Write out every line of the material as it stands, apart from the pictures.

## Dataset excerpt
========================

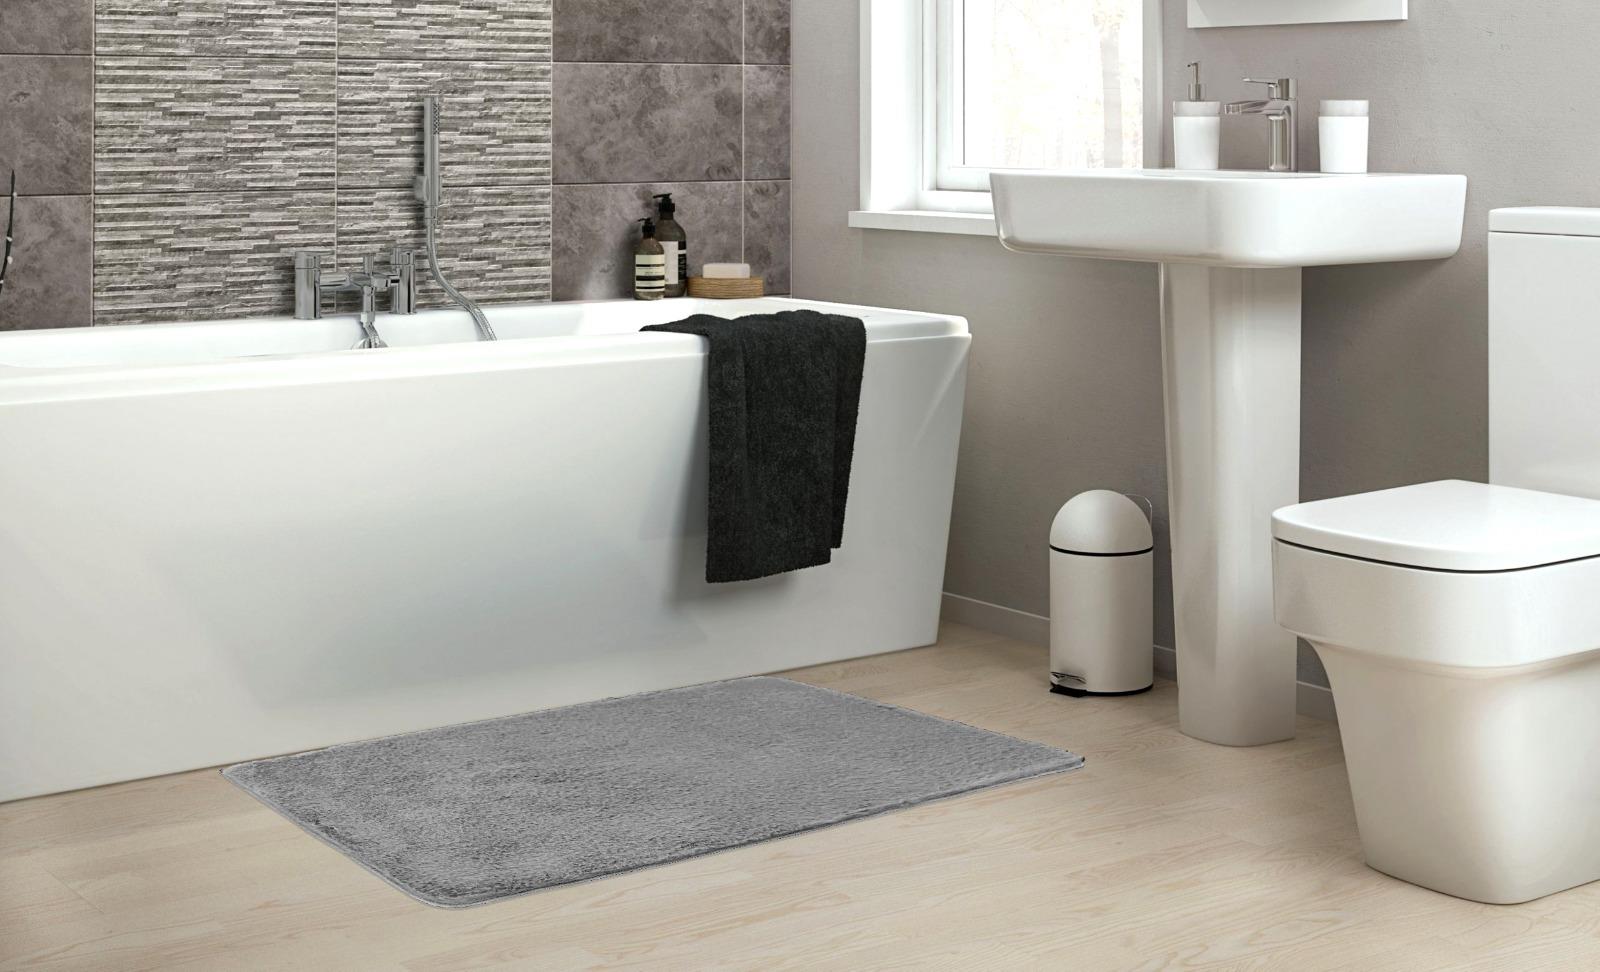 שטיח אמבטיה פרוותי דגם מיקה Soft סופט - אפור בהיר מיקה נעים במיוחד!
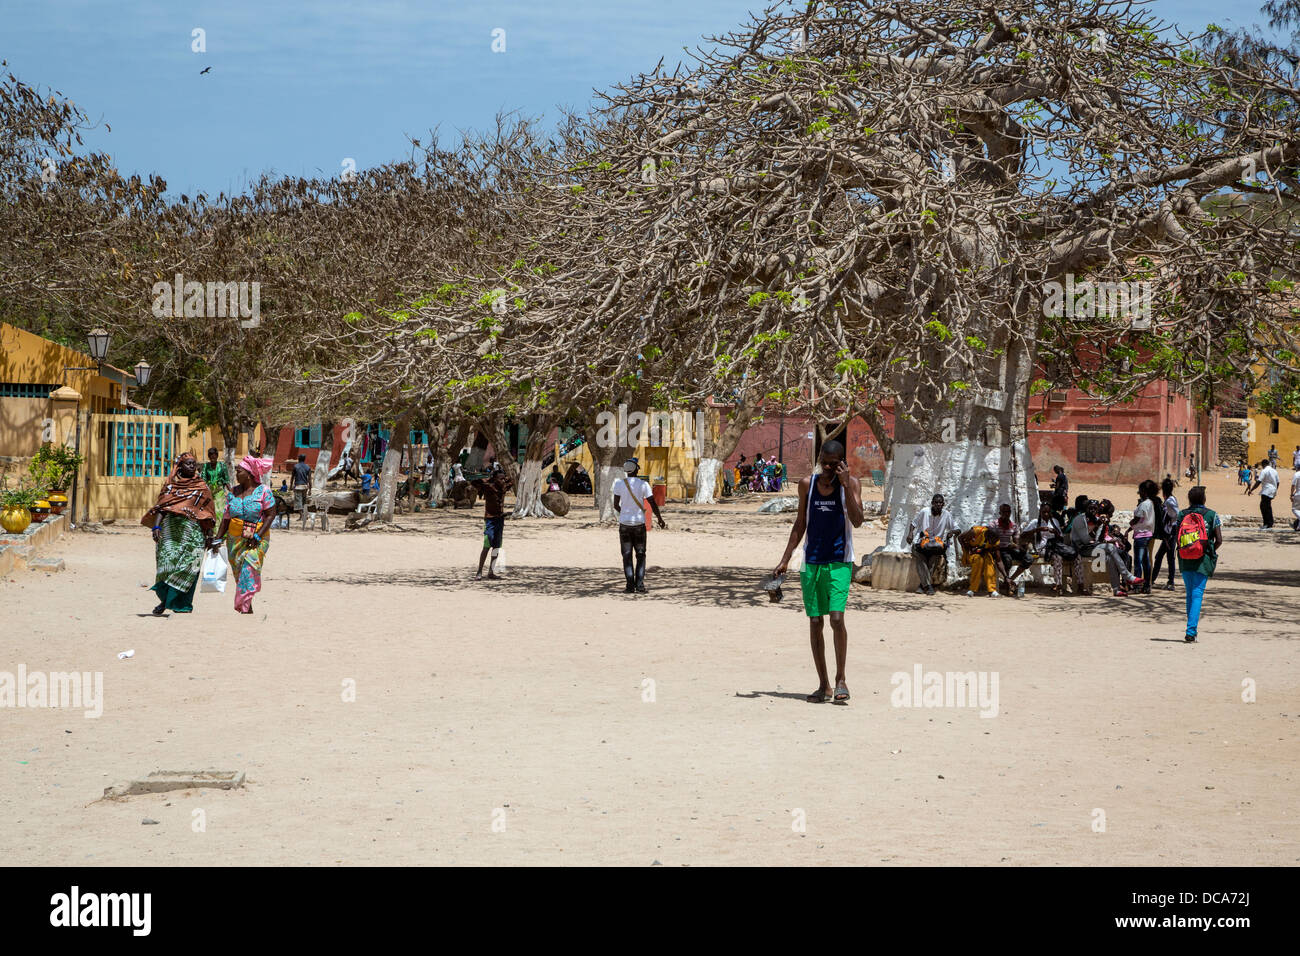 L'île de Gorée, au Sénégal. Un grand baobab fournit de l'ombre. Banque D'Images
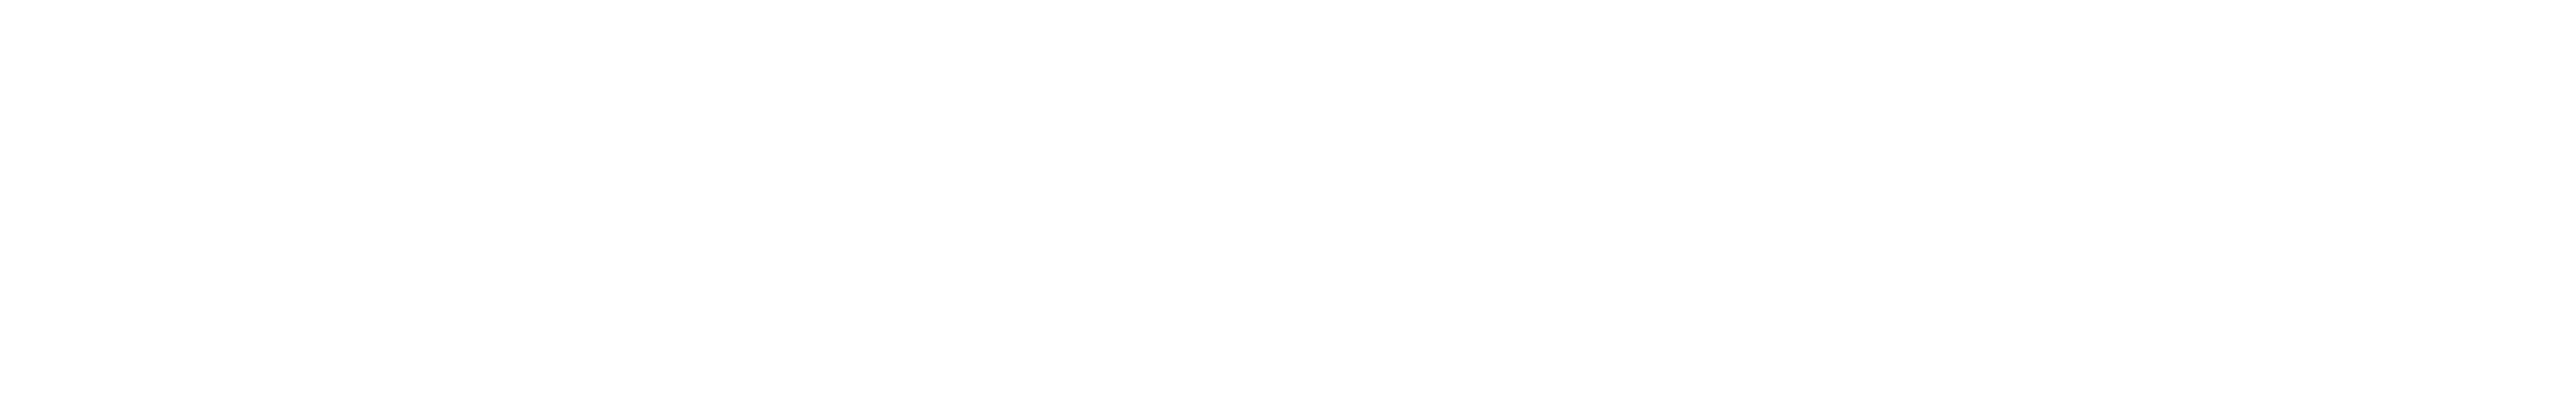 Logo von ViewSonic in Weiss
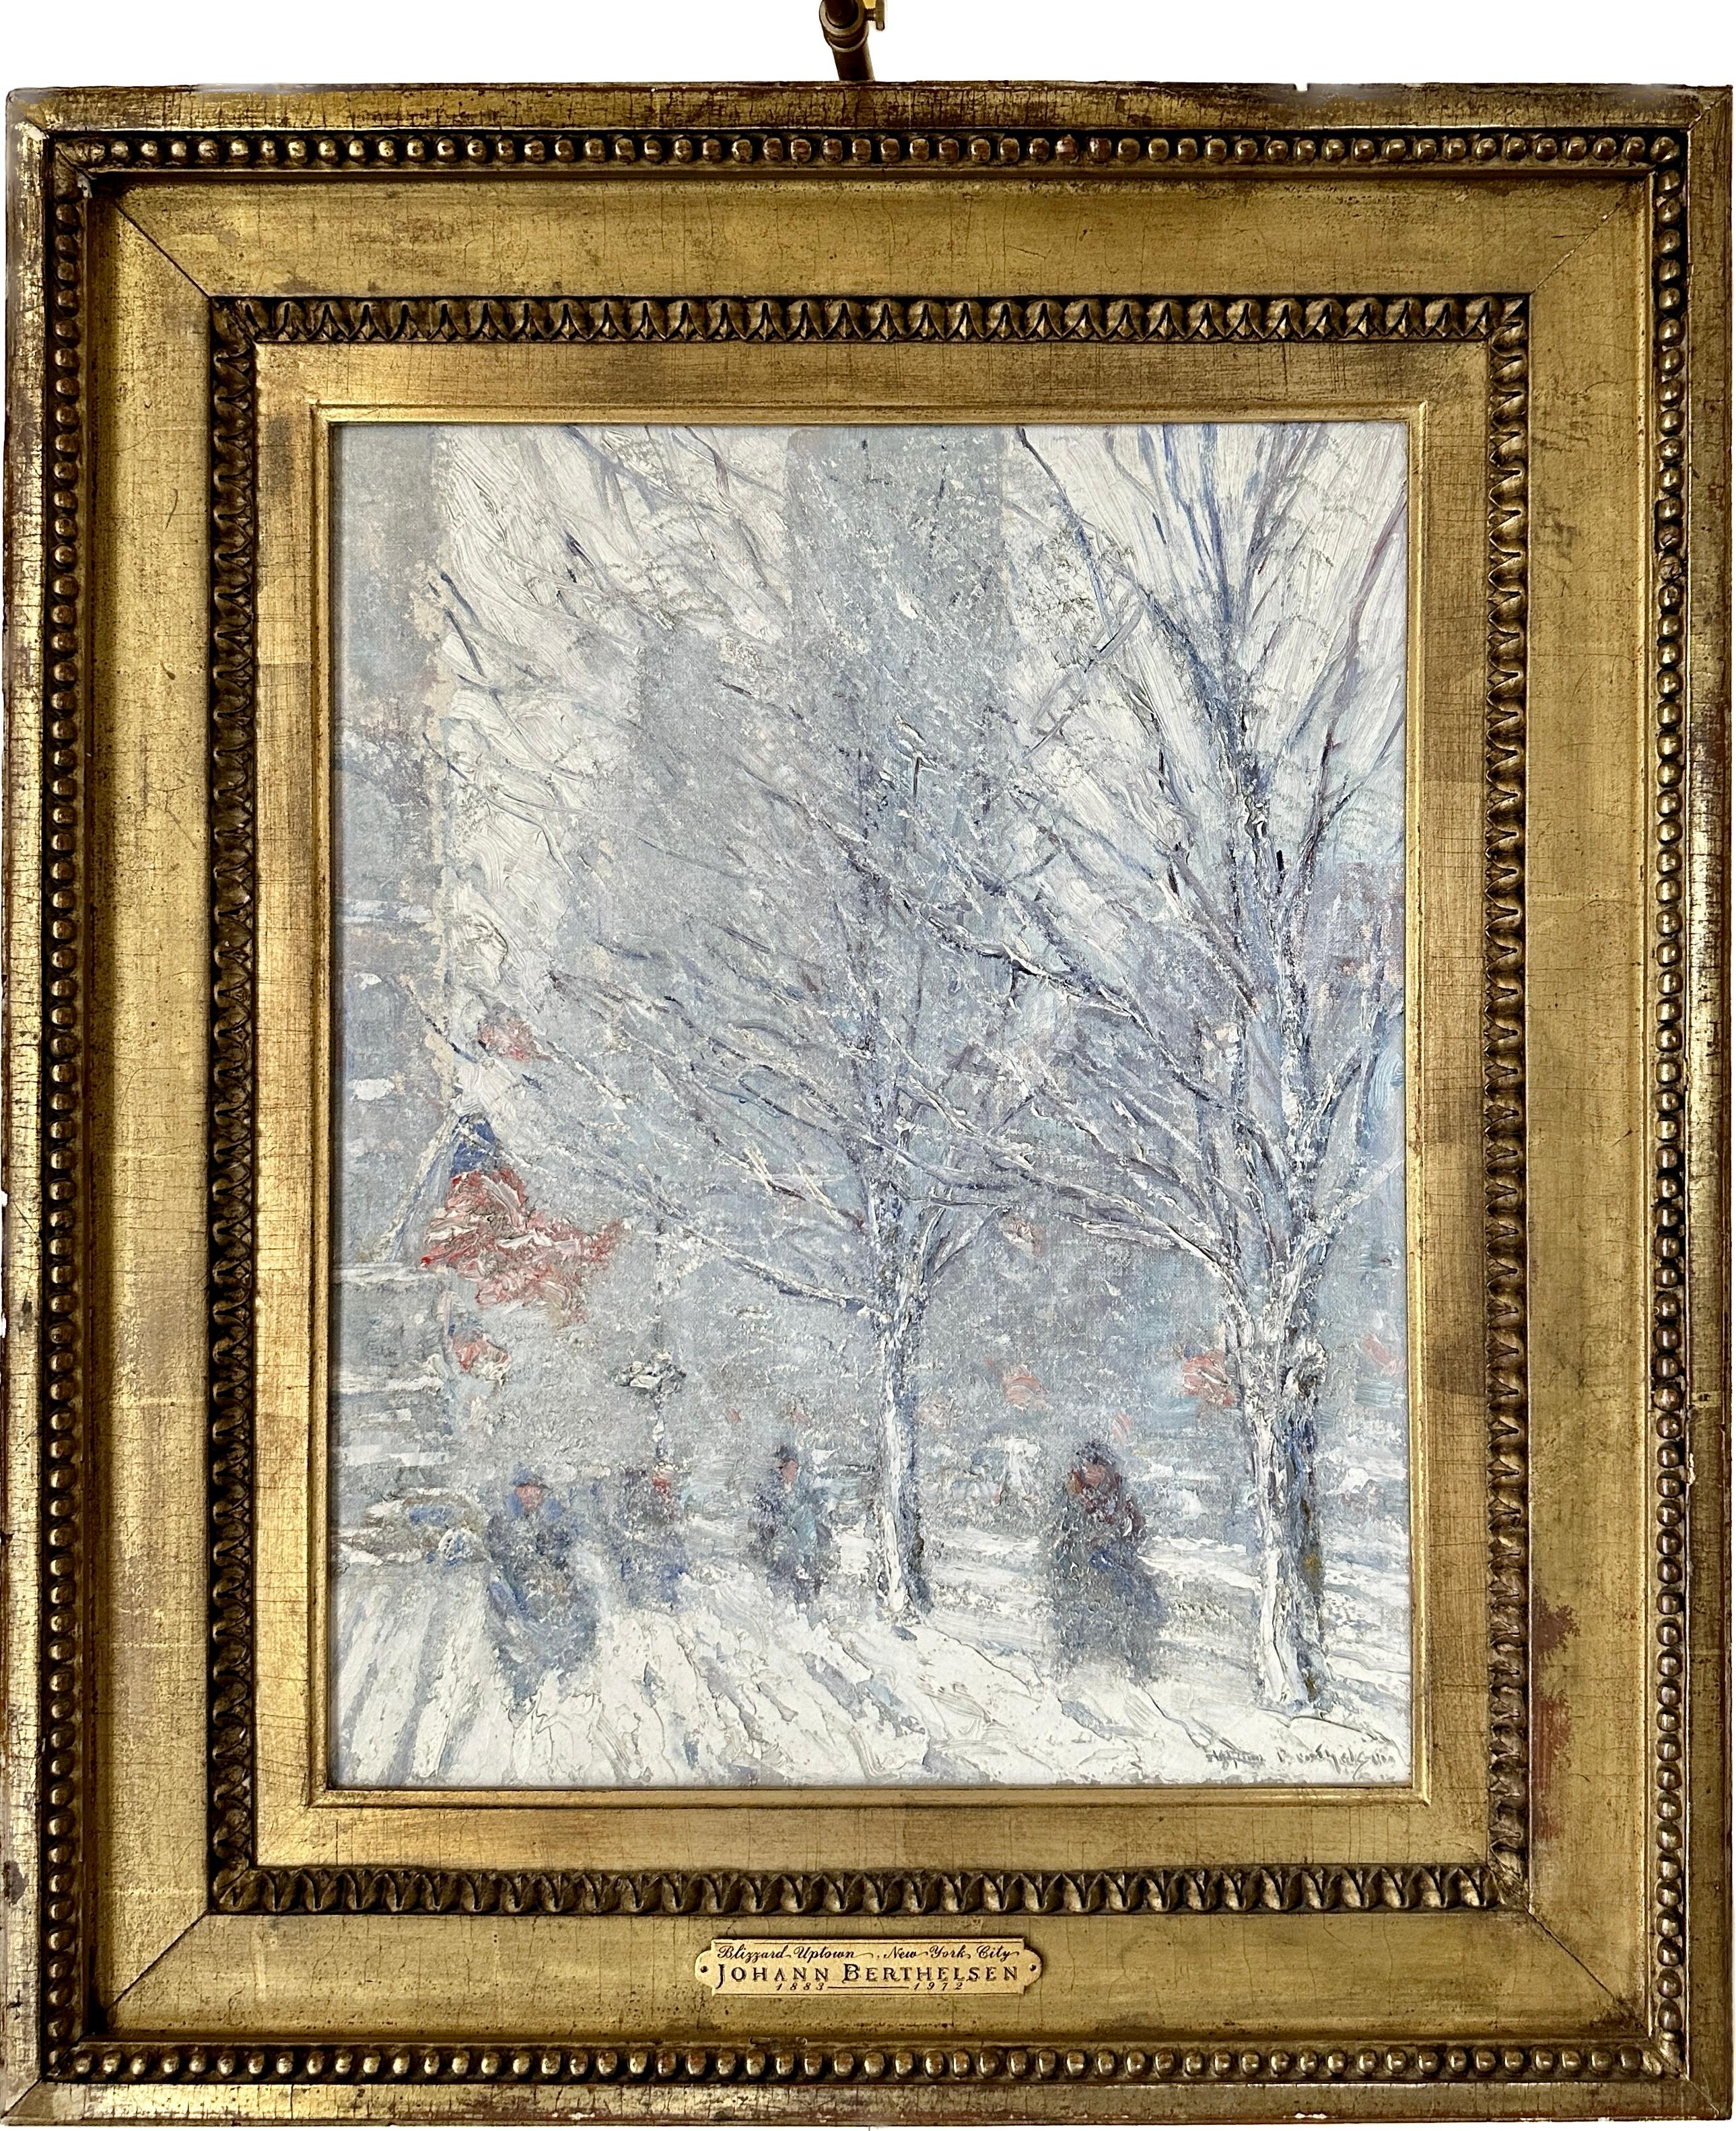 Blizzard Uptown, New York - Painting de Johann Berthelsen

========================

## Written solution
 שטיח אמבטיה פרוותי דגם מיקה Soft סופט - אפור בהיר מיקה נעים במיוחד!
 L'île de Gorée, au Sénégal. Un grand baobab fournit de l'ombre. Banque D'Images
 Logo von ViewSonic in Weiss
 Blizzard Uptown, New York - Painting de Johann Berthelsen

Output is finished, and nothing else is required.